Going on. We want versions to vary with points in time, not content. We don’t want to require additional URLs, but we do want to be compatible with that.

Two main headers: Version and Parents. Version header stores a version, and Parents header stores a list of version IDs. Within this, the Version ID is a unique string identifying an edit, and the Version-Type gives you the format of that string which allows for interesting semantics.

Example slide: regular PUT can say which version is being updated. GET can be used to get a specific version. I wrote this up on HackerNews one time, the WebDAV version is like 50 lines or something.

Variant GET semantics includes getting an older version, getting the diff between two versions, and regular.

MNot: So the Version header modifies the behavior of the GET? How is this backward compatible? If the cache doesn’t recognize the Version header, it will just respond with what’s in cache regardless of this header?

… brief conversation concluding that this does in fact break with caching intermediaries that don’t know about Version

Michael: If you PUT without a Version value, the server can provide a Version header.

Version History, in our proposal, would be to return a 104 Multiresponse with multiple versions all included.

Here’s some crazy things you can do with Version-Type. [slide showing vector-clock used in version string] If the version-Type is run-length-encoding… which lets CRDT become pragmatic. When each version of the shared-editing document adds 1 character, returning every version is 1000x.

Resumable uploads: when we upload, if we upload one byte at a time, and time is proportional to the length of the file being upload, we get the equivalent of a byte-stream. Let’s say we’re doing an upload, the upload gets interrupted, teh client can ask the server what version (time) of the resource the server has. We don’t need another header to figure out where to restart from.
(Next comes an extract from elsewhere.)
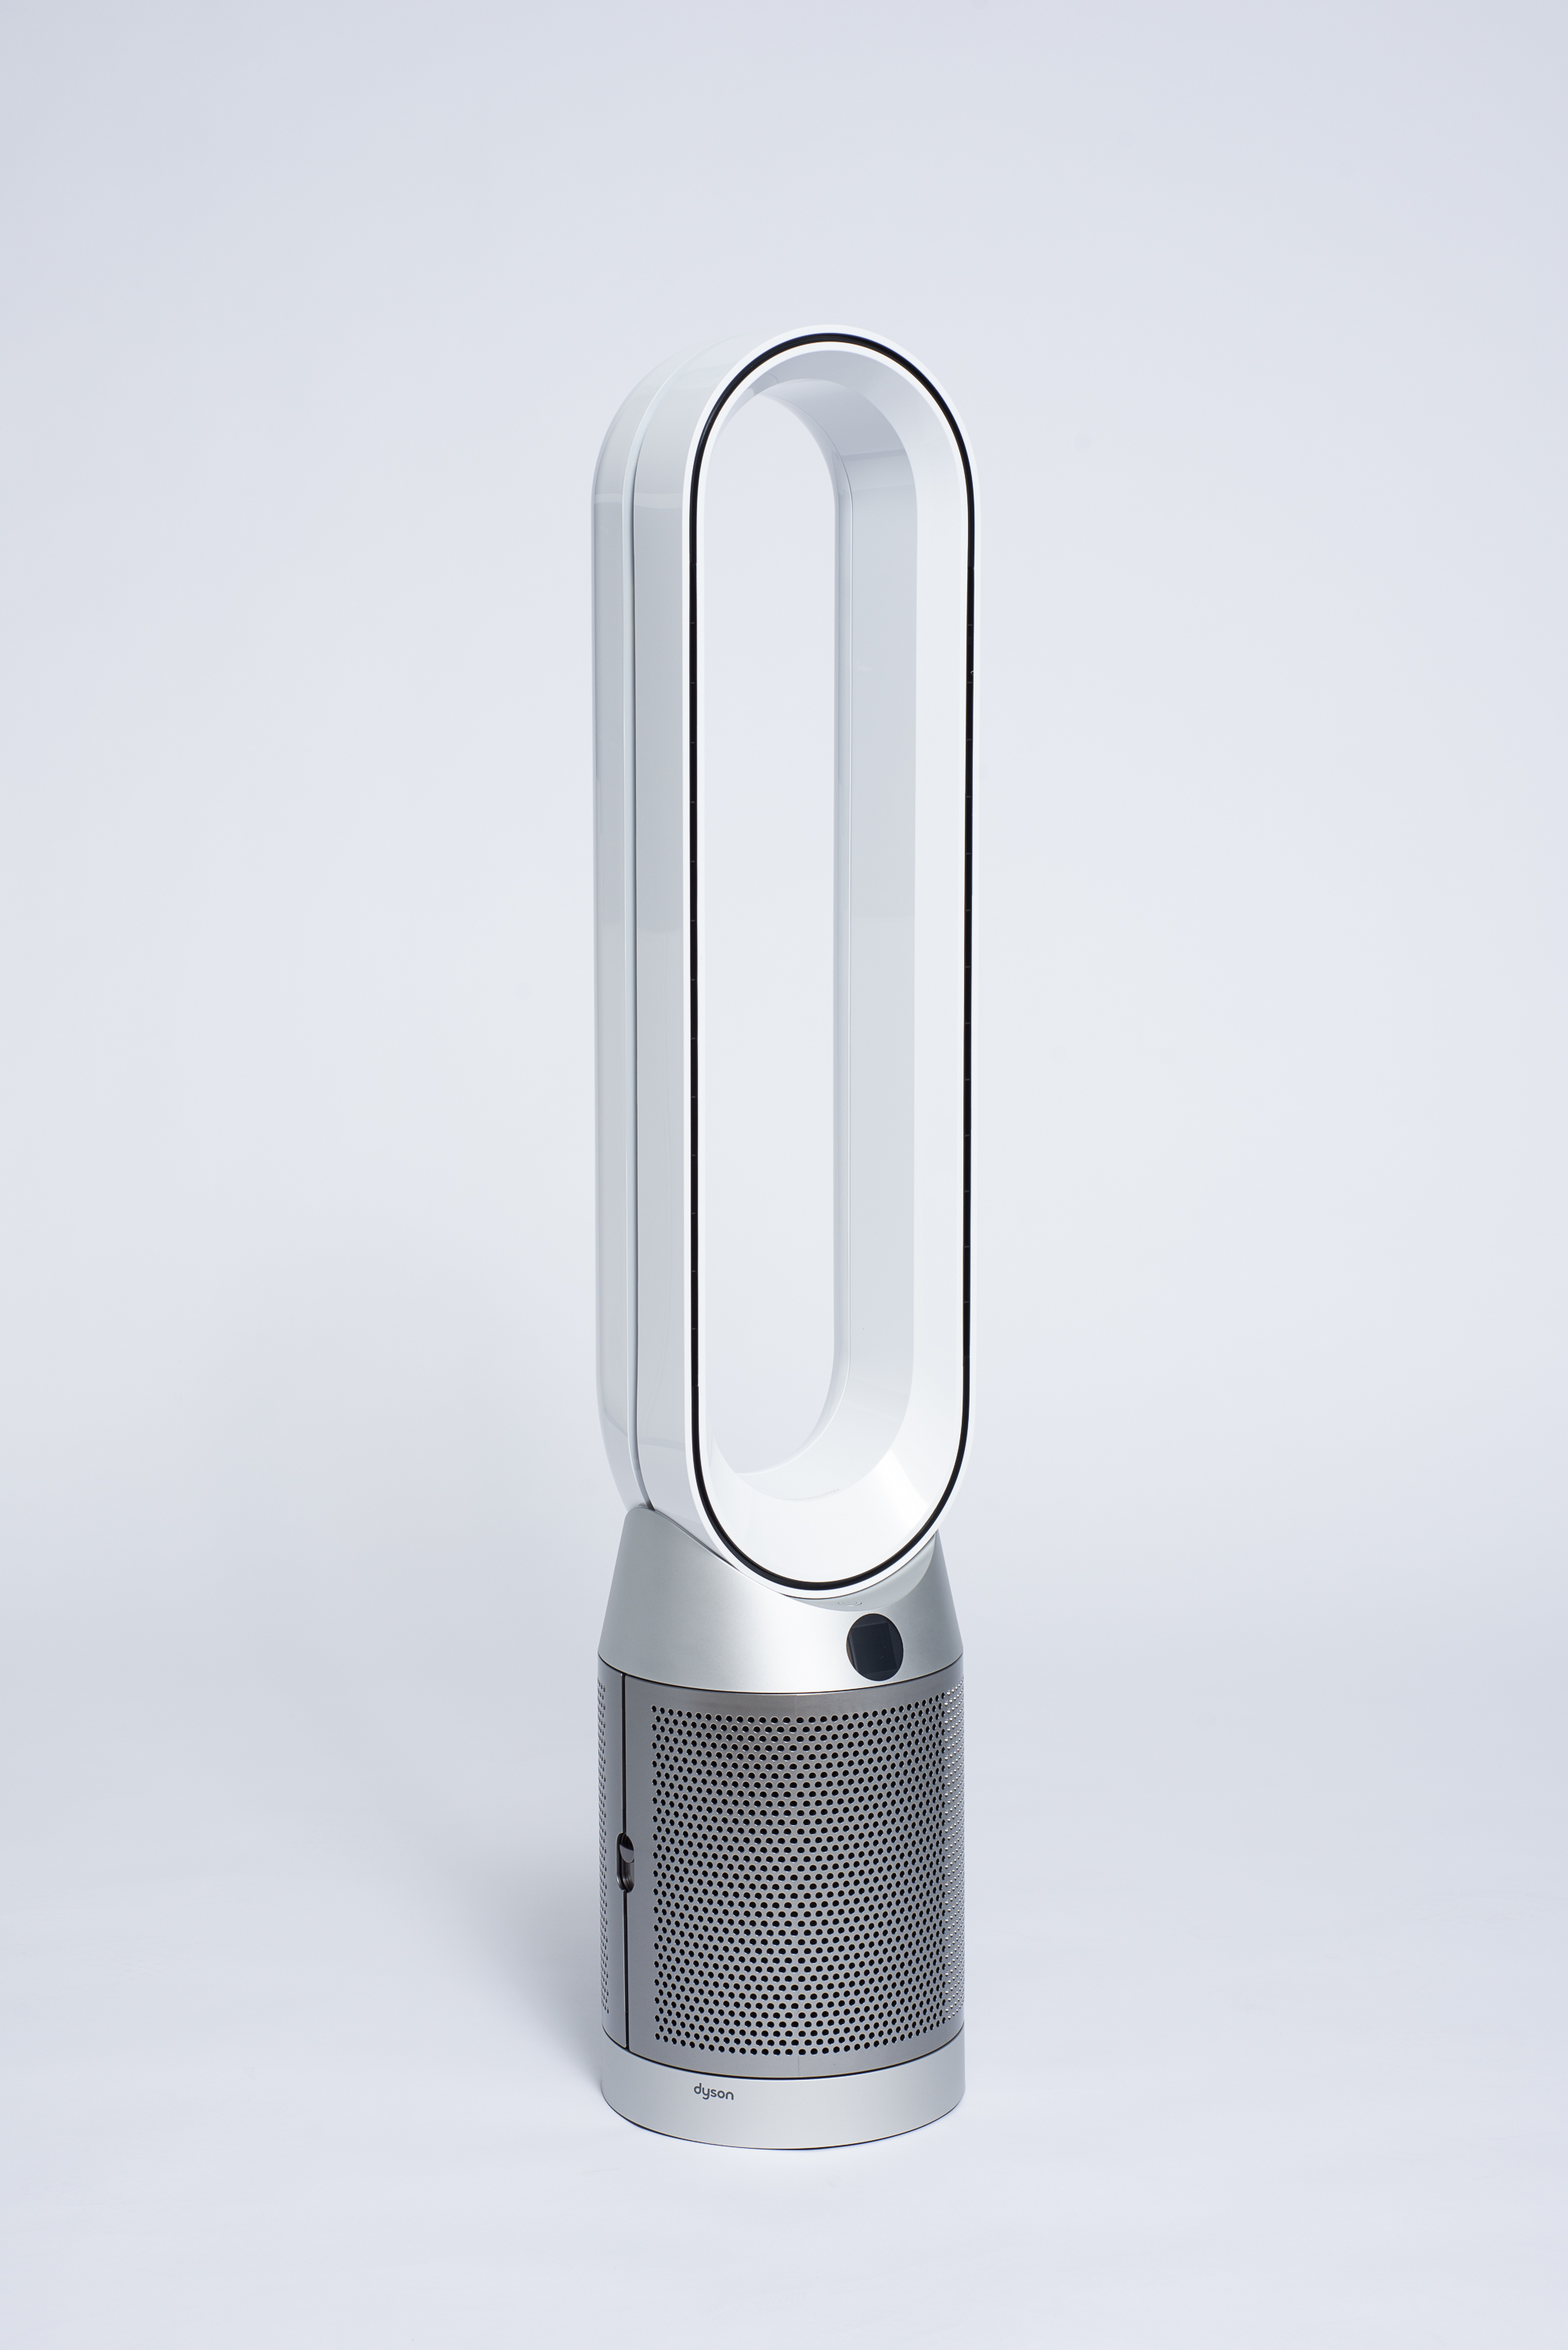 Dyson's upmarket fan is supposed to purify the air

We’ve got a lot of implementations. This is a text file at a URL, that is also a collaborative editor. You can see a version history if you open chrome dev tools, that is a DAG, you can edit offline and your edits get merged. You don’t have to use tons of JavaScript packages to stream over a Web socket. WE have working feeds, you connect to the feed, and get your stuff.

MNot: Comments?

Chris Lemmons: I’m interested in the problem space. I think you’re solving a real problem, and there’s value to a standard solution to the problem. There are lots of existing solutions, and they don’t operate well with caches in the middle. Mark made observations about what the current implementation is likely to do with caches, and that’s spot on, and we’ll have to think about this to move the work forward. Figuring out intermediaries is important here, is the exact value that doing the work here can provide.

MNot: this is the problem with new HTTP features, they always have to mesh with other features. If we are to adopt this work we have to figure out how to chunk it. There are scars and lived experiences in each of these areas, like teh byte ranges stuff which is a little scary, and multi-status.

Kouhei??: We try to cache compiled resources, and the resources get larger and larger, so we hope to reuse the previous one. This work is a step forward in that direction, where we can only compile the delta.

Tommy Pauly, as chair: Thank you for focusing on a particular flow and making it clear. I think this approach is easeir for the group to digest and understand.

MNot: I think people need some time and discussion, I know you’ve been working on this for a while but we still need that.